I was invited to speak at the CII Partnership Summit held in Chennai at the session on New Trade Routes. I spoke on how Latin/South America is well-positioned as the world’s agriculture outsourcing hub, and can meet India’s needs for food security. See video below:
The recent price rise in food items which has caused heartache and wallet-ache for many Indian households is a phenemenon that will worsen in the years ahead. The near quadrupling in the price of toor dal (split pigeon pea) over the last 3 years is only a trailer in the coming horror movie of spiraling food inflation. With Indian incomes forecast to rise over the next decades, food consumption will skyrocket. On the edible oil front, the annual additional deficit of 350,000 to 450,000 tons projected by the Solvent Extractors Association of India is the equivalent of every Indian eating an additional samosa or bhajji every year; this is an exponential increase in demand. The same is the case with pulses and other commodities.

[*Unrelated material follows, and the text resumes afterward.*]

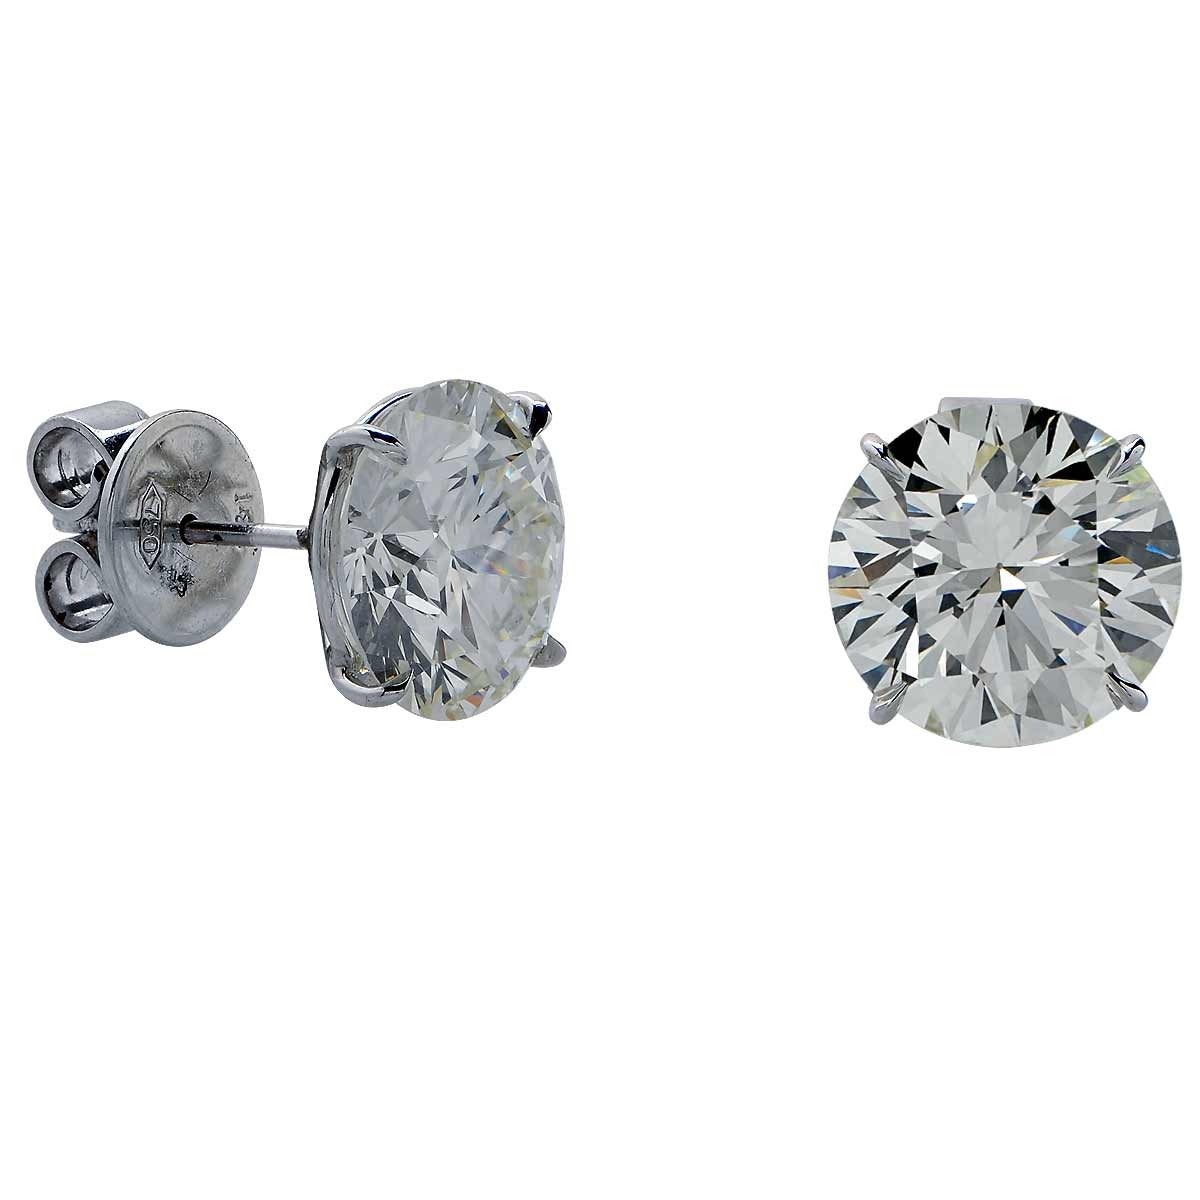 Platinum Stud Earrings Featuring 2 GIA Round Brilliant Cut Diamonds Weight 10.34cts Total Weight, K-L Color, VS1 Clarity.

Forgetting the recent blame game for rapid food price in India – accusing politicians, traders, speculators, hoarders for this recent food increase, the main reason has been prolonged underinvestment on the supply side of food production, because Indian farming has been a sector with terrible incentives. Not surprisingly, 45% of Indian farmers want to quit farming. Add to that rapidly falling water tables in North India – India’s bread basket, and erratic monsoons from climate change you have the recipe for domestic food output falling short of demand, repeatedly in the future.
Latin America can meet India’s food needs, a place where agriculture commands the status of IT in India, with the best brains and fortunes in that sector. Indian companies should join US, European companies who have realized this, and participate in the agri value chain there – investing in contract farming to agroinputs to food processing to logistics.